Circulation & Haemorrhage Control

  • Obvious external haemorrhage
  • Distended neck veins
  • Muffled heart sounds
  • Signs of shock
  • Heart rate
  • Pulse pressure
  • Central capillary return
  • Blood pressure
  • Skin colour
  • Mental state
Exclude and treat
  • Cardiac tamponade
  • Shock


  • Two large bore cannulae (take blood for FBC and cross match)
  • Fluid resuscitation – 10ml/kg of warmed 0.9% saline and repeat if necessary
  • Tranexamic acid
  • Consider Blood as initial resuscitation fluid if uncontrolled haemorrhagic shock
  • Consider activating massive transfusion protocol if >20ml/kg blood product transfused and ongoing shock 
  • Surgical intervention to stop internal bleeding (chest, abdomen, pelvis)

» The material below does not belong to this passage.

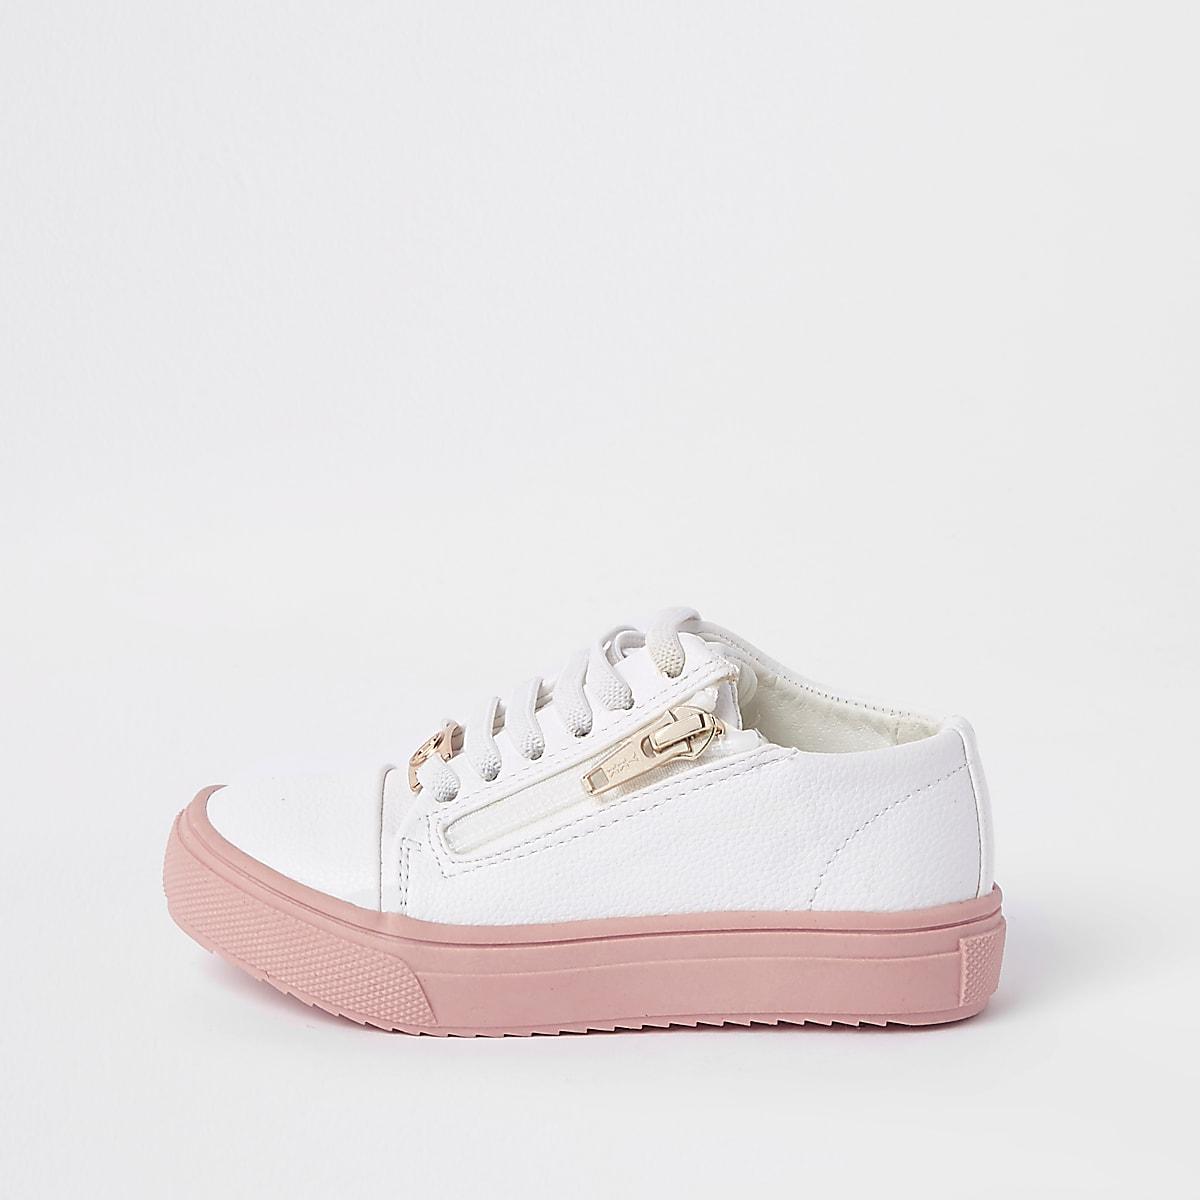 Mini - Witte sneakers met ritssluiting voor meisjes

Disability and Prevention of Secondary Insult

Hypoxia and shock can cause a decrease in conscious level

Any ABC problem should be addressed before assuming a primary neurological problem

 Assess level of consciousness, pupils, posture and blood glucose.
  • Conscious level – A V P U scale
  • Pupil size, symmetry and reactivity
  • Abnormal posturing (decorticate, decerebrate)
  • Seizure activity
  • Bedside glucometer reading
  • Response to Pain or Unresponsive – consider intubation
  • Treat raised intracranial pressure – 20% mannitol or 3% saline
  • Correct hypoglycaemia –  2ml/kg of 10% glucose IV
  • Treat seizures

Exposure and Temperature Control

 Fully expose child and assess temperature and signs of injury.
  • Check core temperature
  • Don’t forget to log roll and check the back
 Prevent hypothermia


  • Take blood for FBC, U&E, LFT, venous blood gas and Group & Hold or Cross Match
  • Trauma series X-rays – C-spine, chest
  • If concerns re abdomenor pelvis -need CT 
  •  Do CT neck rather than XR if doing CT head
  • Other adjuncts to the primary survey include FAST scan, orogastric tube and bladder catheterisation


Further management

Secondary Survey

  • A secondary survey is performed after treating any life threatening conditions detected during the primary survey.
  • The secondary survey should be abandoned to repeat a primary survey if there is any deterioration in the patient’s condition.
  • The secondary survey involves a head to toe and front to back examination to detect any non life threatening injuries which require further management.
  • Further investigations and management will be determined by injuries found on secondary survey, e.g. specific limb X-rays, CT scans etc.


Admission criteria

  • All major trauma should be admitted under the General Surgical Team (which at PMH is the Trauma Team).
  • Other surgical subspecialty involvement will be determined by the injuries sustained.

Management paperwork

  • All major trauma patients should have documentation done on an ED Trauma Sheet. These are A3 folded forms, located in the Resuscitation Bay and Doctor’s offices.